When focus groups go bad

“This could be a complete waste of my time,” I pondered aloud before I left the house.

“Why?” my wife asked.

“Haven’t you ever been to a disability focus group before?” I laughed. “I’ll snapchat you a picture of the snacks. They’ll be awful.”

They were.

But so was everything else. The writing was on the wall from the start (except it wasn’t) as there was no signage on the building, and when you arrive at 7:30pm in winter, you need some signage. Upon entering, nervous facilitators fussed over where I should sit. I went to partake in the snacks, except they were placed in the middle of the table, out of my reach. The first question the facilitators asked was gob-smackingly ableist (“How would you feel if you were left alone at a table with a disabled person?”), and so I asked the facilitator to clarify what the question meant. She couldn’t. The night went on like this, with clanger after clanger of ableist, hostile language. I almost walked out several times. 90 excruciating minutes later, I got in my car and text my wife.

“What a clusterfuck.”

Here’s the thing. In the same way that cultural minority has tikanga or customs, so does the disability world. For instance, make sure your signage is good. If you’re providing refreshments, make them accessible. Use inclusive language. Be disability confident (and if you’re not, upskill yourself). Have high expectations of participants and facilitate the session well. Don’t let people get dragged down into war stories (we love that shit).

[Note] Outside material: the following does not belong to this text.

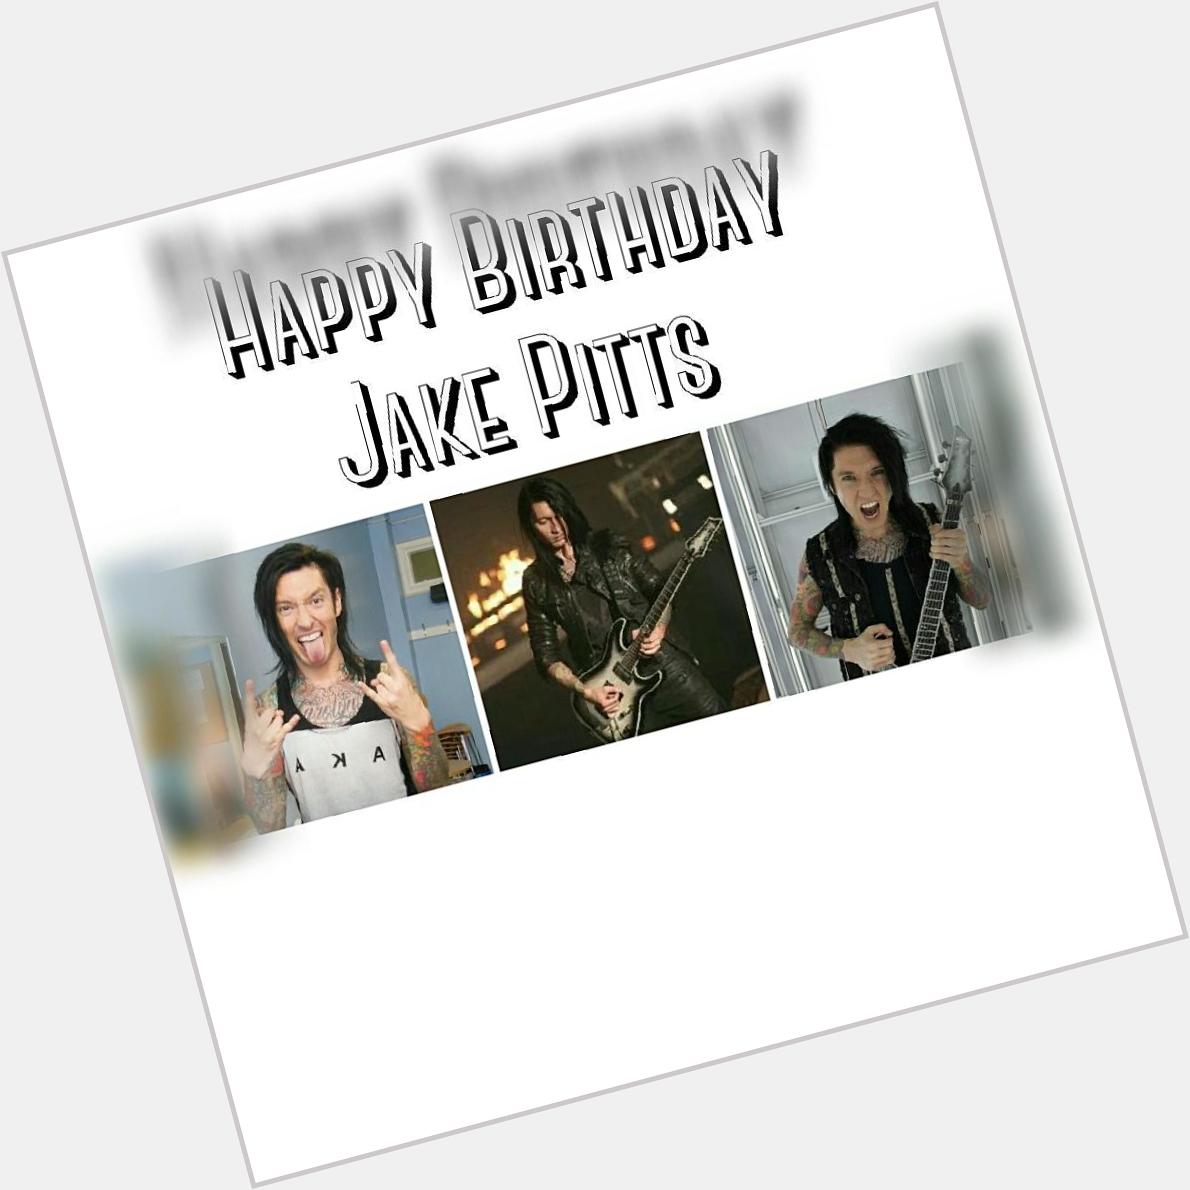 Happy Birthday Jake Pitts      Jacob Mark Pitts

But do you know what would make your focus group even better?

…If a disabled person had facilitated the session! I know there are potentially some ethical issues around this, but what I’m saying is, that there are plenty of disabled people who could’ve run that session and maintained the disabled participants’ dignity and integrity. Surely that’s not too much to ask.

NB: I’ve followed up with the relevant groups about my experience, in order to ensure it doesn’t happen again.